• _What to produce_: Repeat, exactly and in full, the lines of the listing below, but without any pictures.

• _Recorded data_:
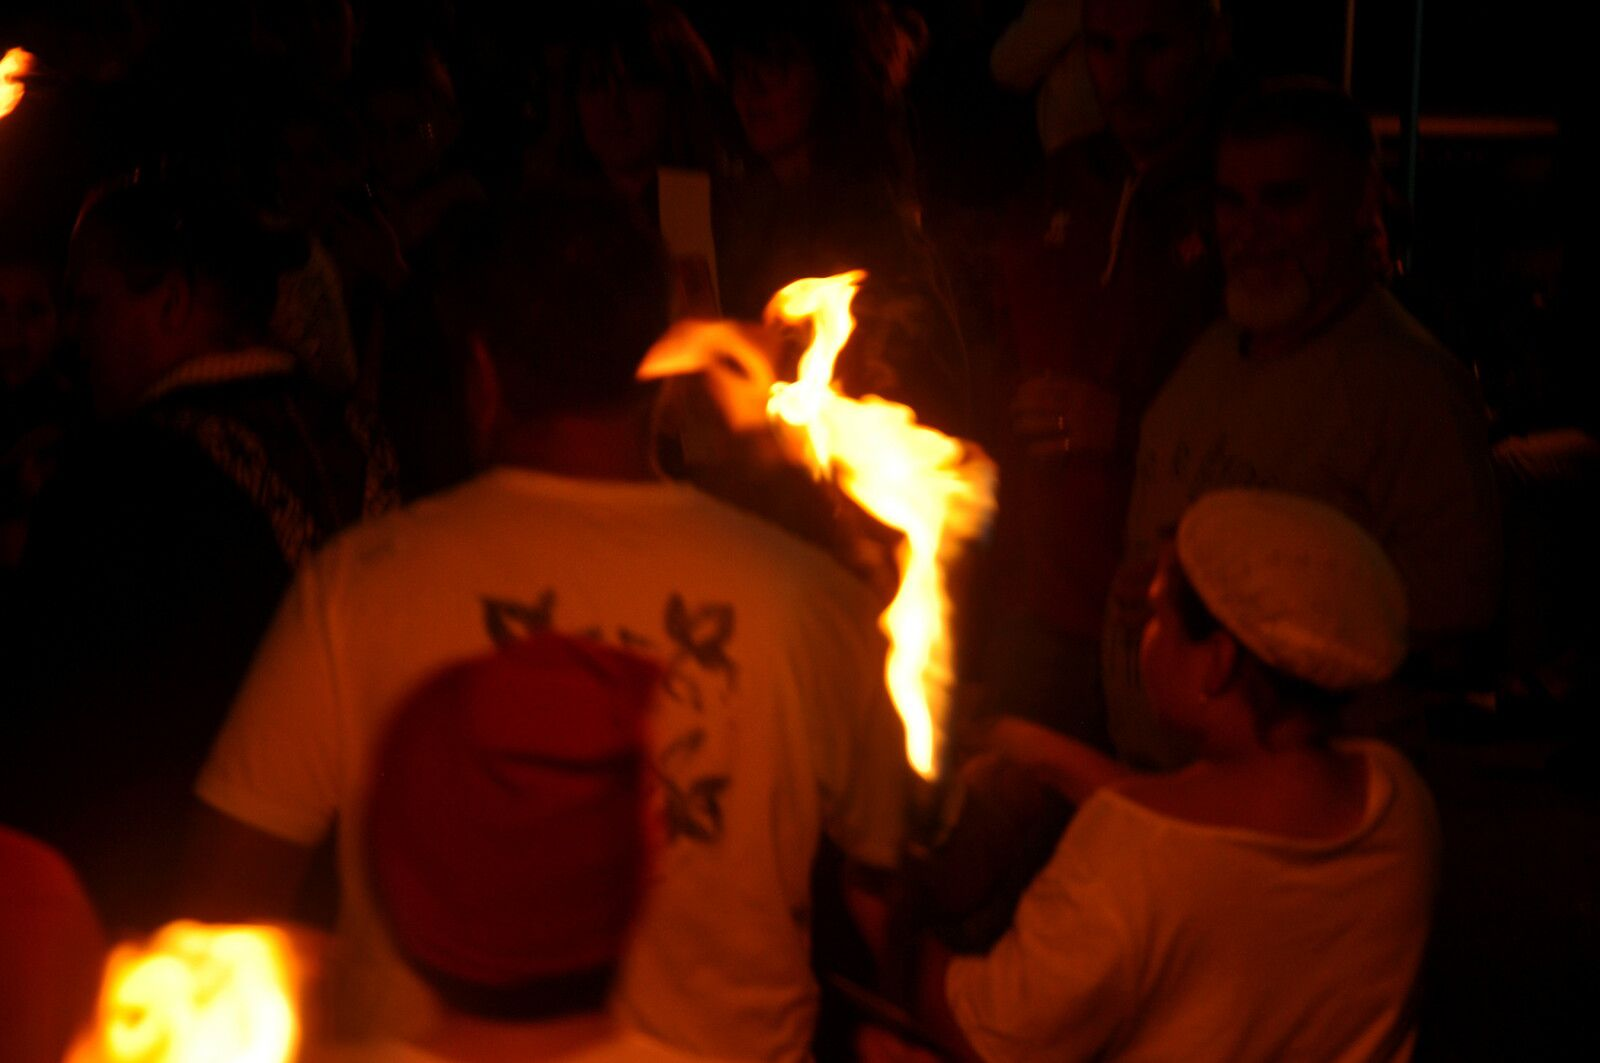 Le feu arrive et tourne autour du futur feu.
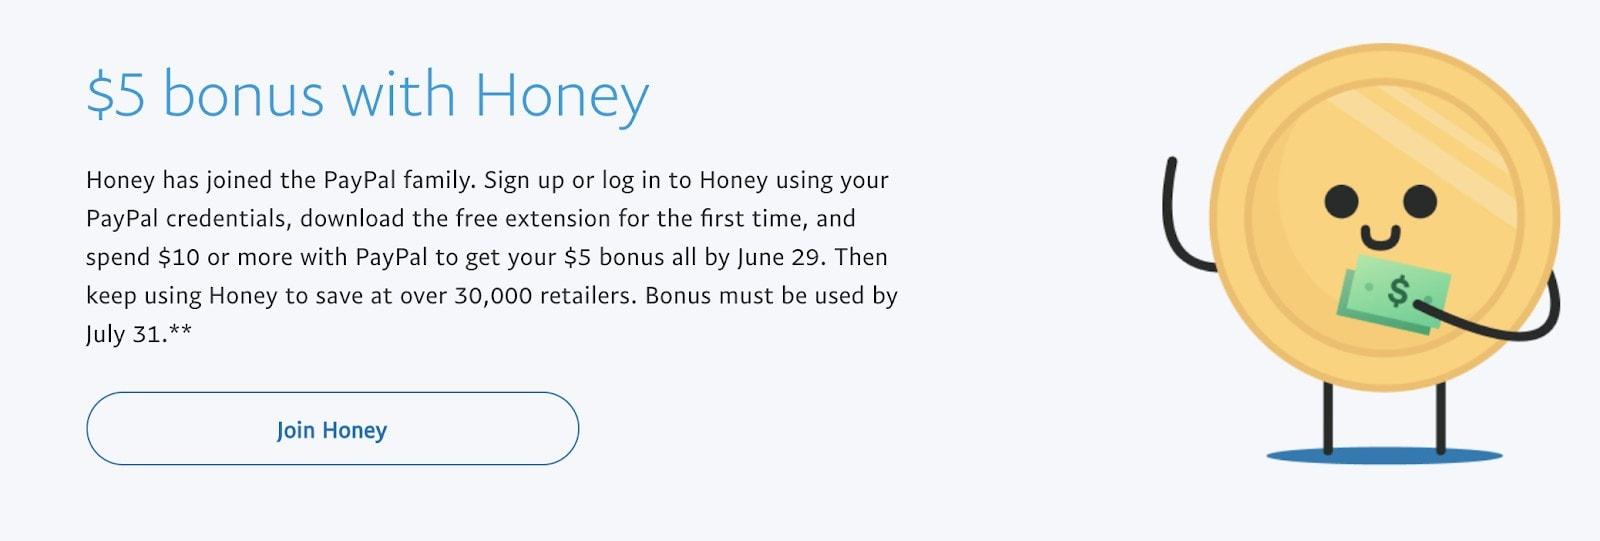 Honey - PayPal Bonus Offer
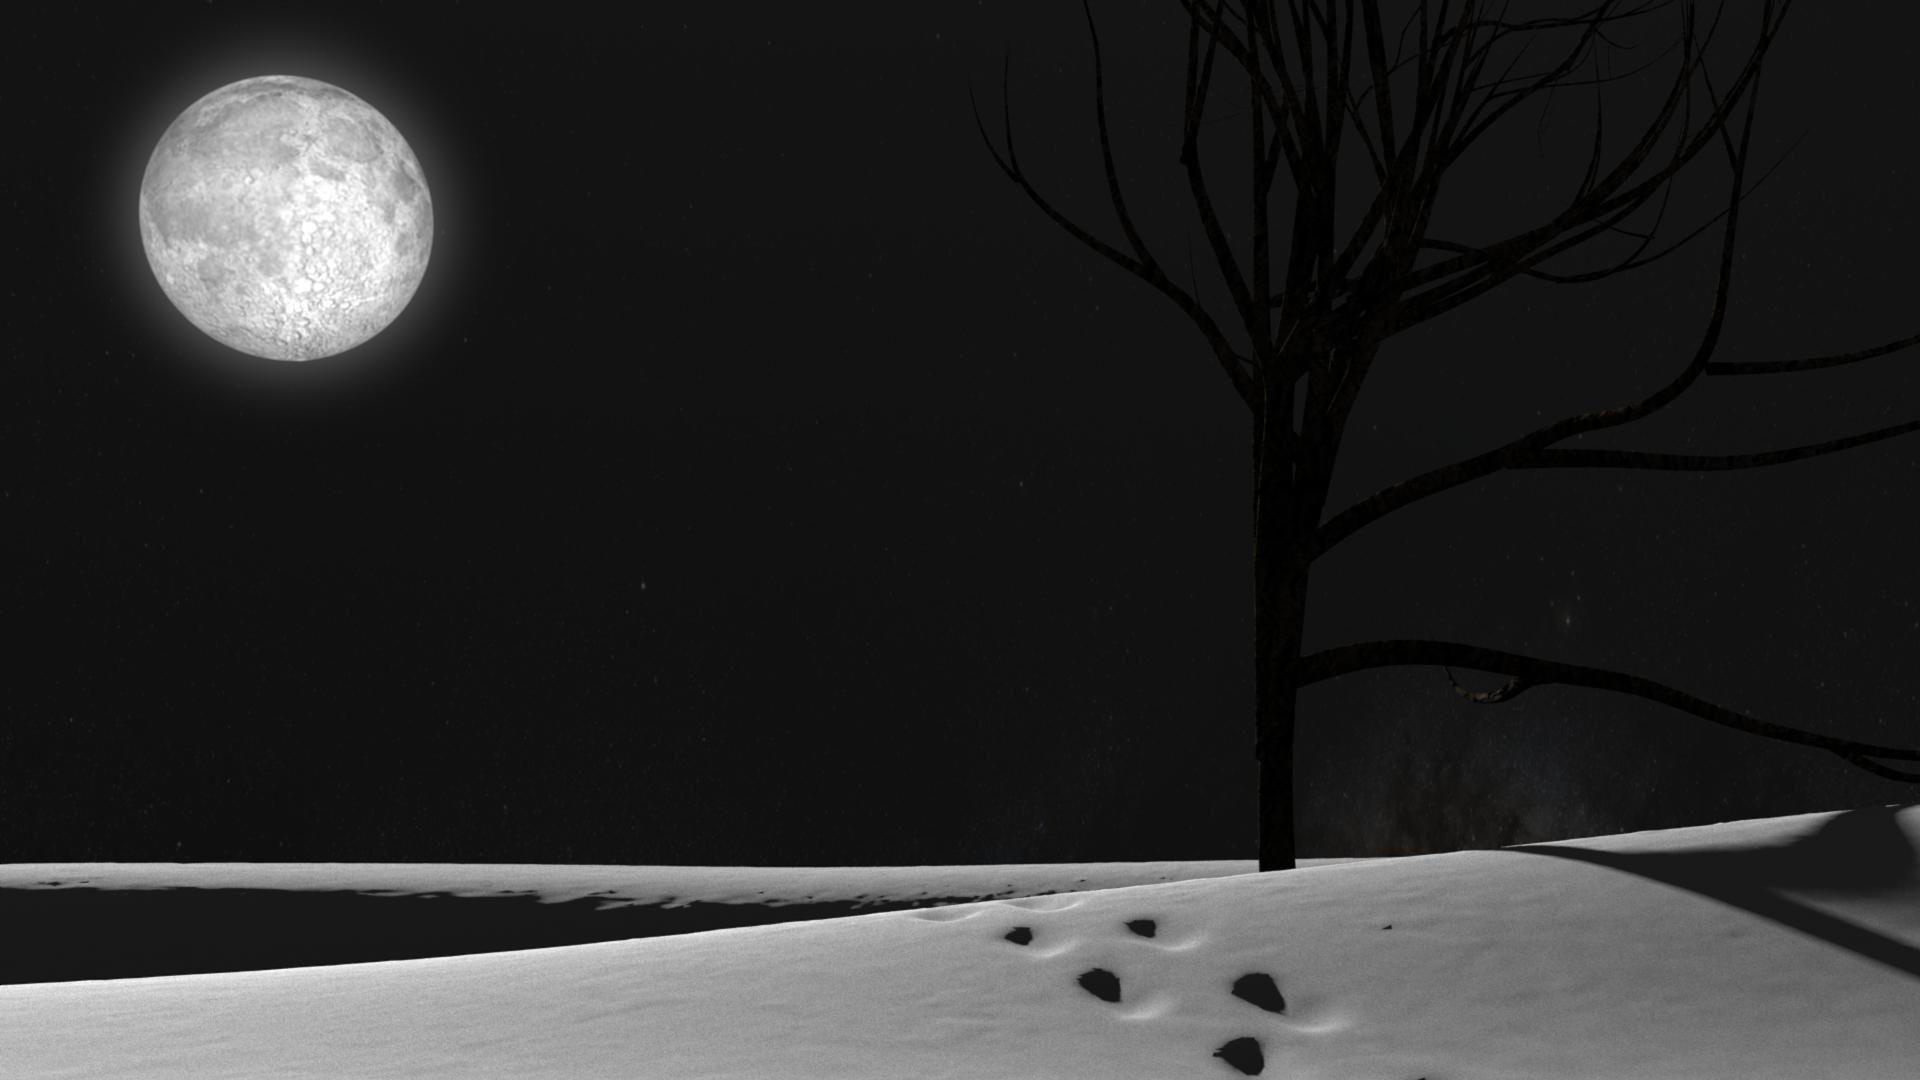 Snowy Night 526668

• _Answer box_:
 Le feu arrive et tourne autour du futur feu.
 Honey - PayPal Bonus Offer
 Snowy Night 526668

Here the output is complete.